Spec and Pipeline via API

A Spec is a schema with a composed rail. Create the schema, set its rail, then run a pipeline against it with a set of document IDs. The public pipeline endpoint compiles the rail and starts processing in one call, so there is no separate start step. Poll the progress endpoint to watch each phase advance.

Run a Spec as a pipeline
curl -X POST https://api.talonic.com/v1/pipelines \
  -H "Authorization: Bearer $TALONIC_API_KEY" \
  -H "Content-Type: application/json" \
  -d '{
    "schema_id": "sch_delivery_notes",
    "document_ids": ["doc_7f3a1b2c", "doc_9e4d5f6a"]
  }'
Response
{
  "id": "pl_x8k2m9",
  "status": "active",
  "schema": { "id": "sch_delivery_notes", "name": "Delivery Notes" },
  "document_count": 2,
  "enqueued_documents": 2,
  "message": "Pipeline created and queued for processing.",
  "links": {
    "self": "/v1/pipelines/pl_x8k2m9",
    "progress": "/v1/pipelines/pl_x8k2m9/progress",
    "data_product": "/v1/pipelines/pl_x8k2m9/data-product"
  }
}
A pipeline run requires the Spec to have a composed rail. If the schema has no rail, the pipeline endpoint returns a 400 telling you to configure the Spec first, or to use POST /v1/jobs for a quick one-off run. Set the rail with PUT /v1/schemas/{id}/rail before your first run.

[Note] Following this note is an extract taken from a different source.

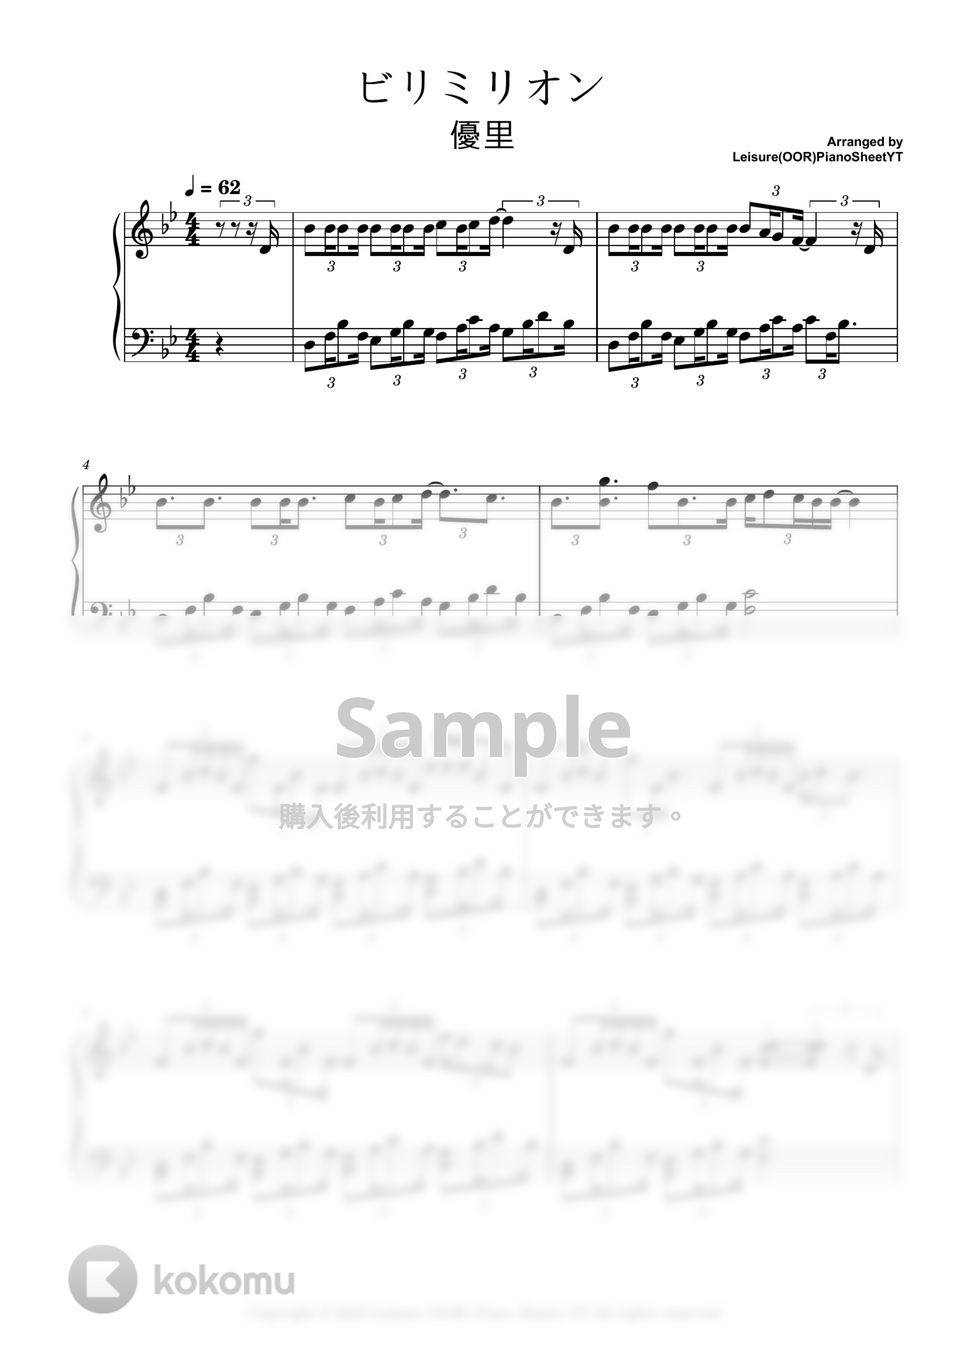 優里 yuuri - ビリミリオン by Leisure(OOR)PianoSheetYT

Frequently asked questions

What is the difference between a Spec, a Pipeline, and a Job?+
A Spec is a reusable configuration over one schema: the composed rail, attached Data Policies, validation checkpoints, and assembly rule. A Pipeline is one compiled run of that Spec over a set of documents. A Job is the quick one-time tier for ad-hoc structuring that does not justify a Spec. Specs and Pipelines are the production path; Jobs are the fast path.
What is the One Engine?+
The One Engine is the per-document phase runner that executes a compiled Spec. Each document passes through Transfer (registry fill), Extraction (AI for gaps), Resolution (Data Policies), and Validation (your gates) in strict sequence, with documents processed in parallel. It replaces the older structuring-run engine and writes every value as a versioned cell in the value plane.
Do I need to call a start endpoint after creating a pipeline?+
No. The public POST /v1/pipelines endpoint compiles the Spec rail and enqueues the documents in a single call. The response status is active and enqueued_documents reflects how many were queued. Poll GET /v1/pipelines/{id}/progress to watch each phase advance.
Why does my pipeline run fail with "no composed rail"?+
A pipeline needs the Spec to have a rail to compile. Set one with PUT /v1/schemas/{id}/rail. A minimal runnable rail is a single extraction stage. If you only need a one-off structuring run without configuring a Spec, use POST /v1/jobs instead.